From high-rise to start-up
Reynolds, 47, and Angelides, 54, have settled into post-Comcast life. At the media and telecom giant, they worked from the 37th floor of the technology tower, Philadelphia’s tallest building.
Now they rent the second floor of a quaint office building on the east side of SEPTA’s Berwyn train station. It’s an easy commute for the Epoxy employees who live in Philadelphia. The start-up has 12 employees, mostly a crew that followed Comcast’s Reynolds and Angelides. The company also employs six contractors.
Angelides said the plan is for 20 to 30 full-time employees over time.
Epoxy hopes to raise $7 million to $10 million in venture capital this summer and has filed for patents on their technology through the Philadelphia law firm Morgan Lewis. The co-founders see three services in Epoxy’s technology: synchronization between TV viewing and betting, sports data visualization and betting recommendations.
Angelides and Reynolds met in the 1990s at Traffic.com in Chesterbrook, a real-time traffic information service for radio and television stations. Traffic.com, bought by Nokia, took traffic data from road and highway sensors and sold it to television and radio stations. The company taught Angelides and Reynolds the importance of packaging real-time information for the public.
At Traffic.com, they came up with other areas where real-time information could be valuable. It was in the early days of mobile phone apps. When the pair realized that sports fans always looked up sports stats on their phones, they developed a company to access and visualize sports data from box scores in real time. Fans could consume the data while watching games.
“The idea was that if you were a sports fan and you sat there and you watched the game and a player comes up and you don’t know who he is or what his stats are. How many home runs does he have? what’s going to happen next? What is the most likely outcome? You have to go through box scores? It was a nightmare,” Angelides said.
In late 2011, Angelides and Reynolds launched OneTwoSee to provide instant sports data. It was their first start-up. Over time, OneTwoSee developed the platform to display current sports stats on cable television and integrated the service into Comcast’s X1 platform. Comcast viewed the sports data — accessible via a button on the TV remote — as a way to make its massive investment in sports rights more attractive to its subscribers. In 2016, Comcast bought OneTwoSee for an undisclosed price.

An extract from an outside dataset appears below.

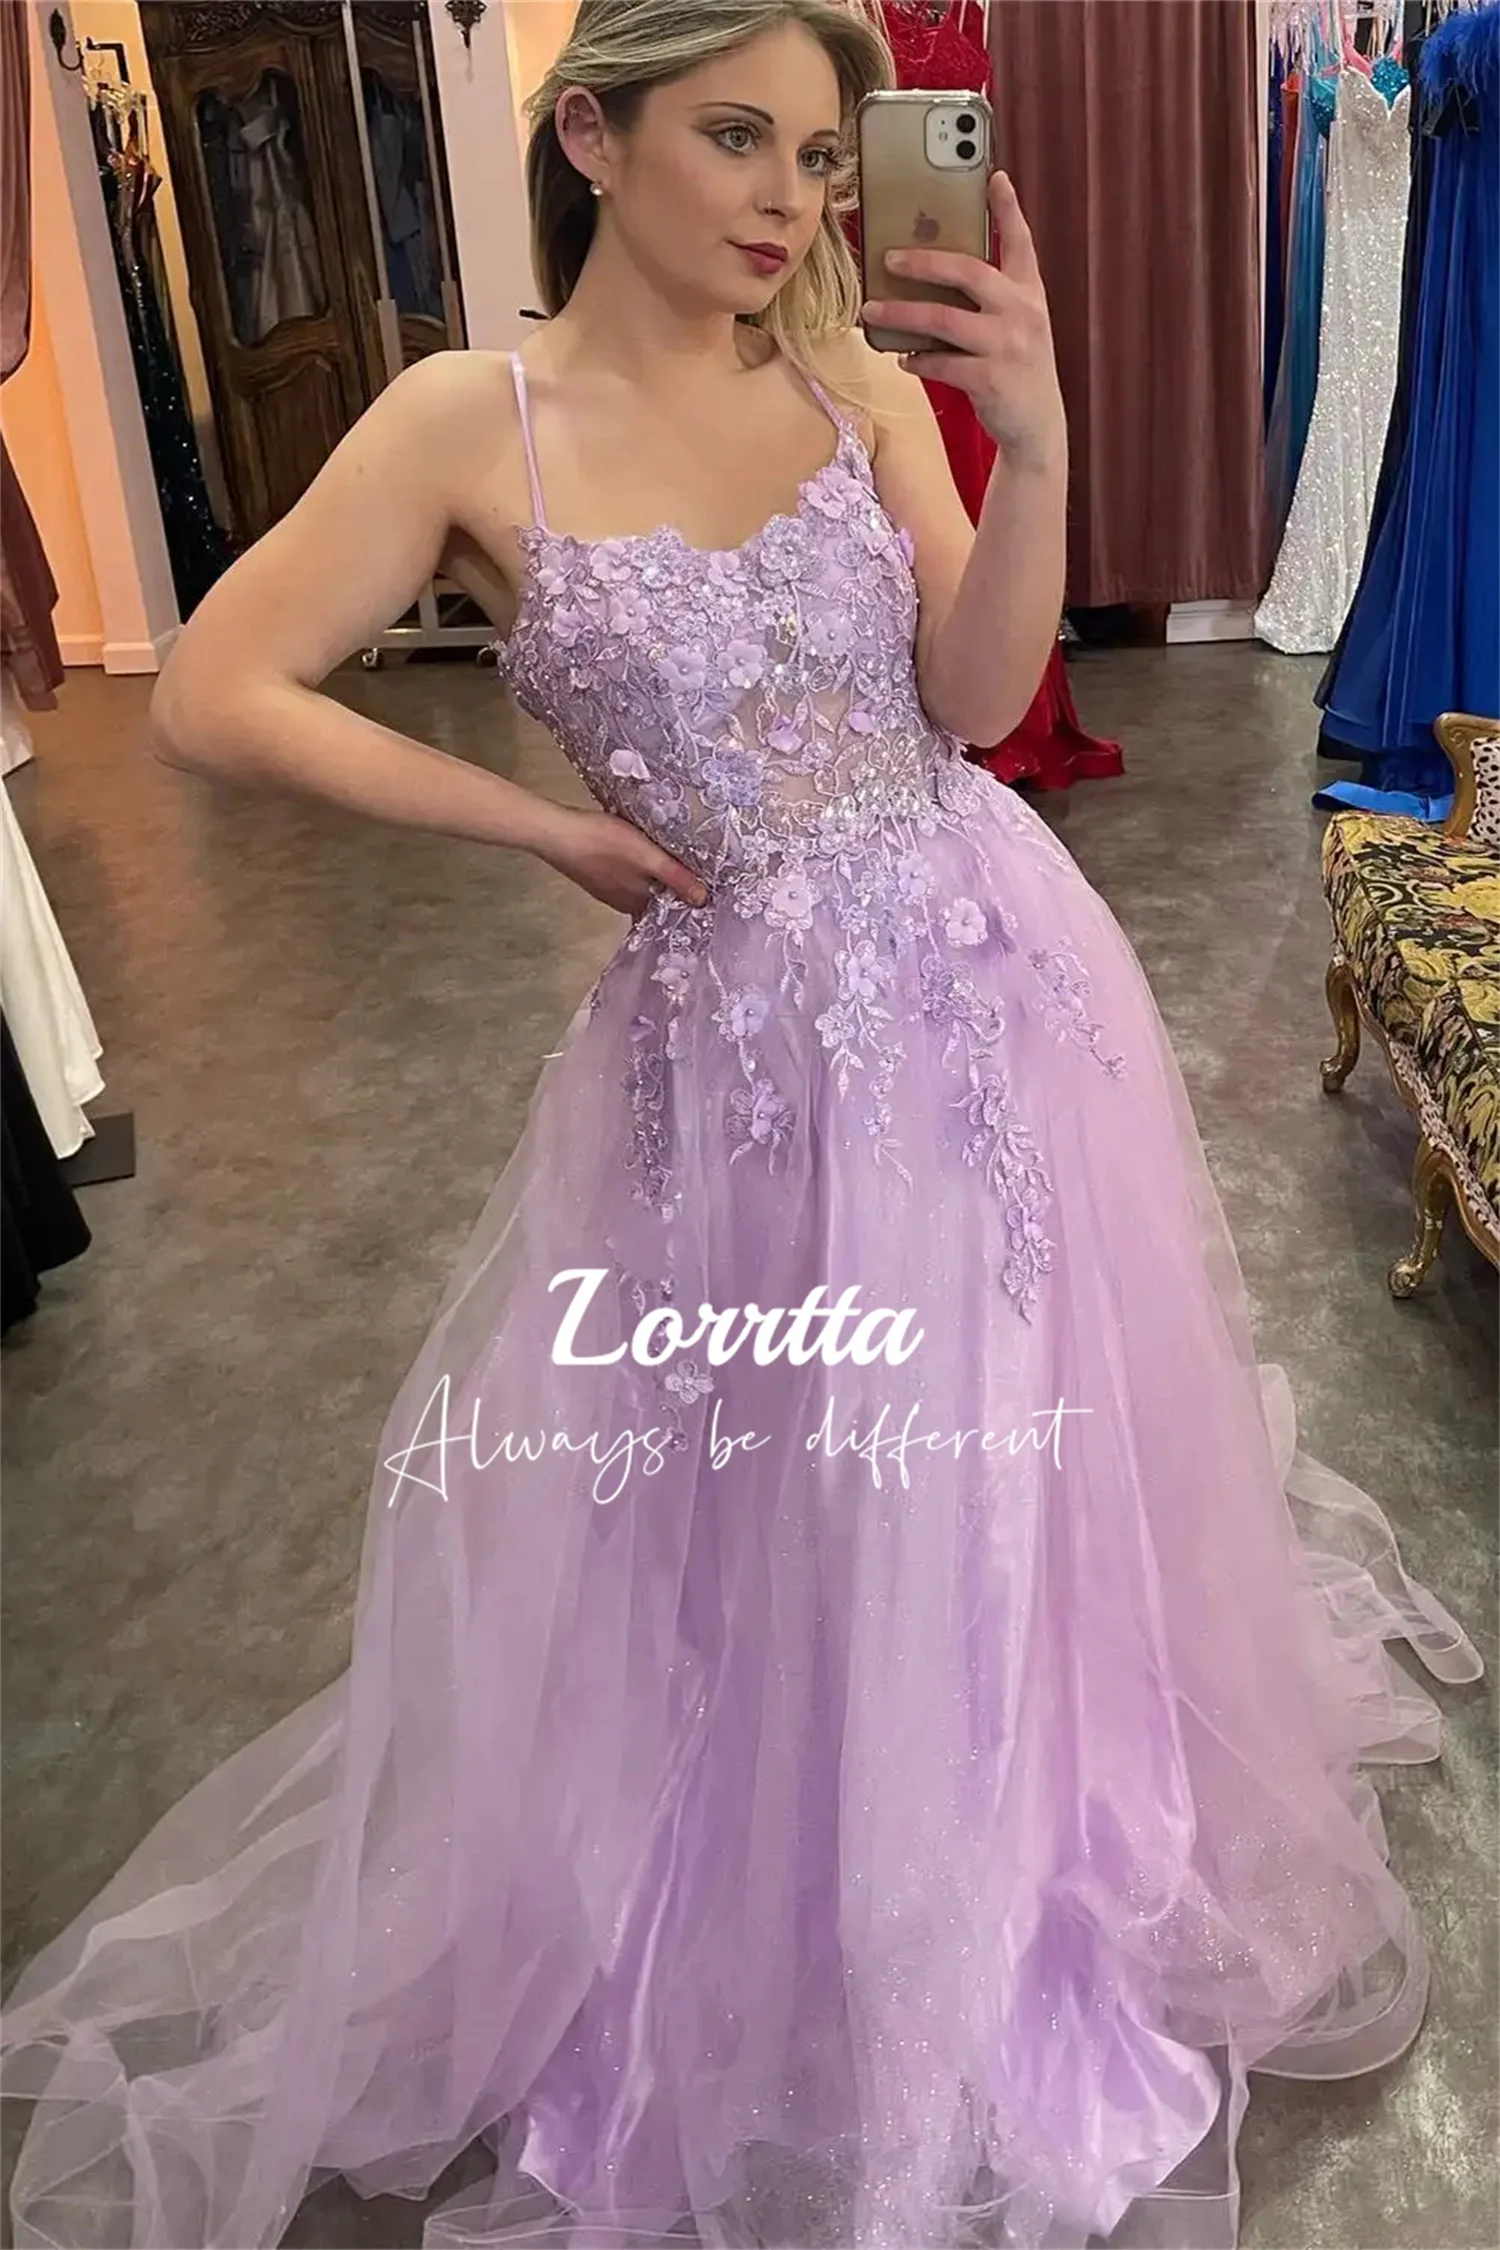 

Lorrtta Applique Tulle Lilac A-Line Spaghetti Straps Birthday Party Dress Women's Evening Prom Elegant Gala Formal Dresses Long
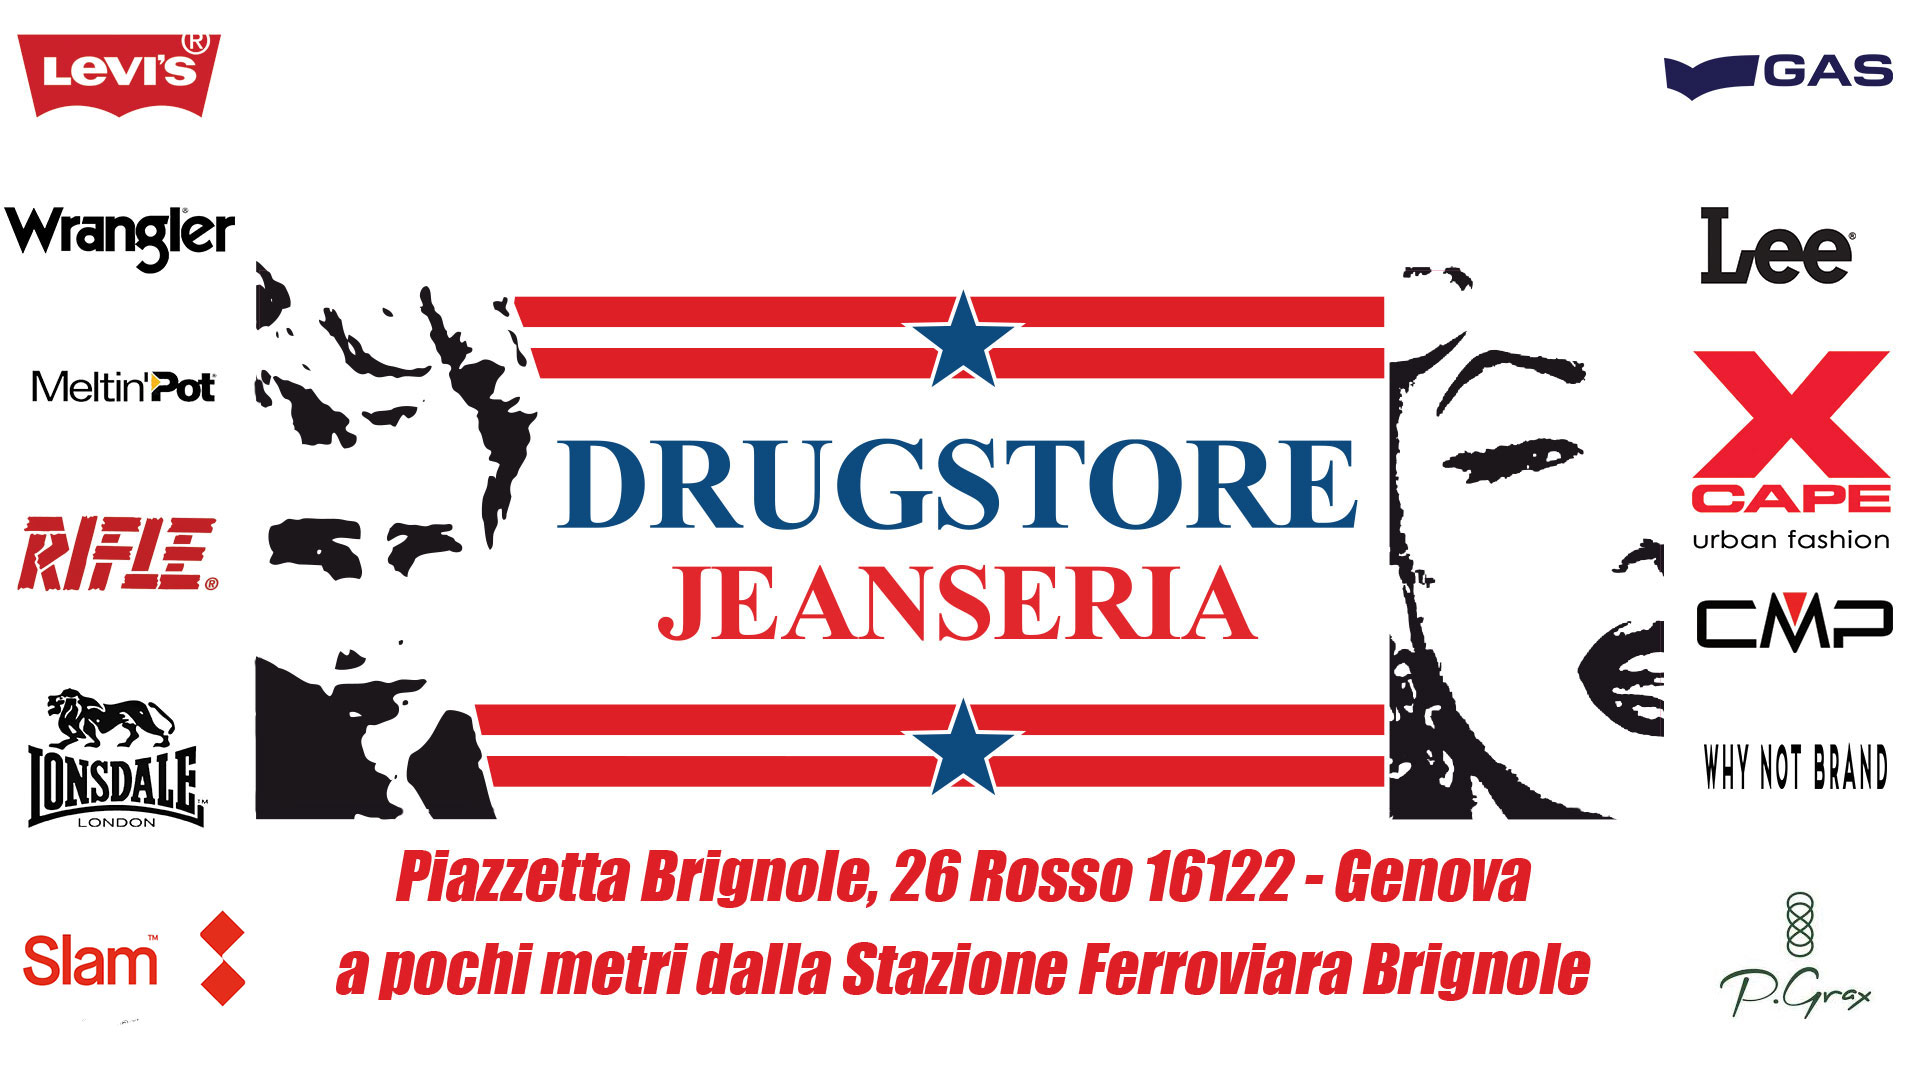 Jenseria Drugstore - Genova

Within Comcast, the OneTwoSee team stayed together and helped deepen the sports platform for the OIympic games.
Reynolds and Angelides said they had a great experience at Comcast and left on good terms. But they were restless and saw online sports betting as the next big thing.
Angelides informed Comcast that he would be leaving in November 2020. Reynolds did the same in mid-2021. About his decision to leave Comcast, Reynolds said that “once you start building things, it’s hard not to.”
2022 The Philadelphia Inquirer, LLC.
Distributed by Tribune Content Agency, LLC.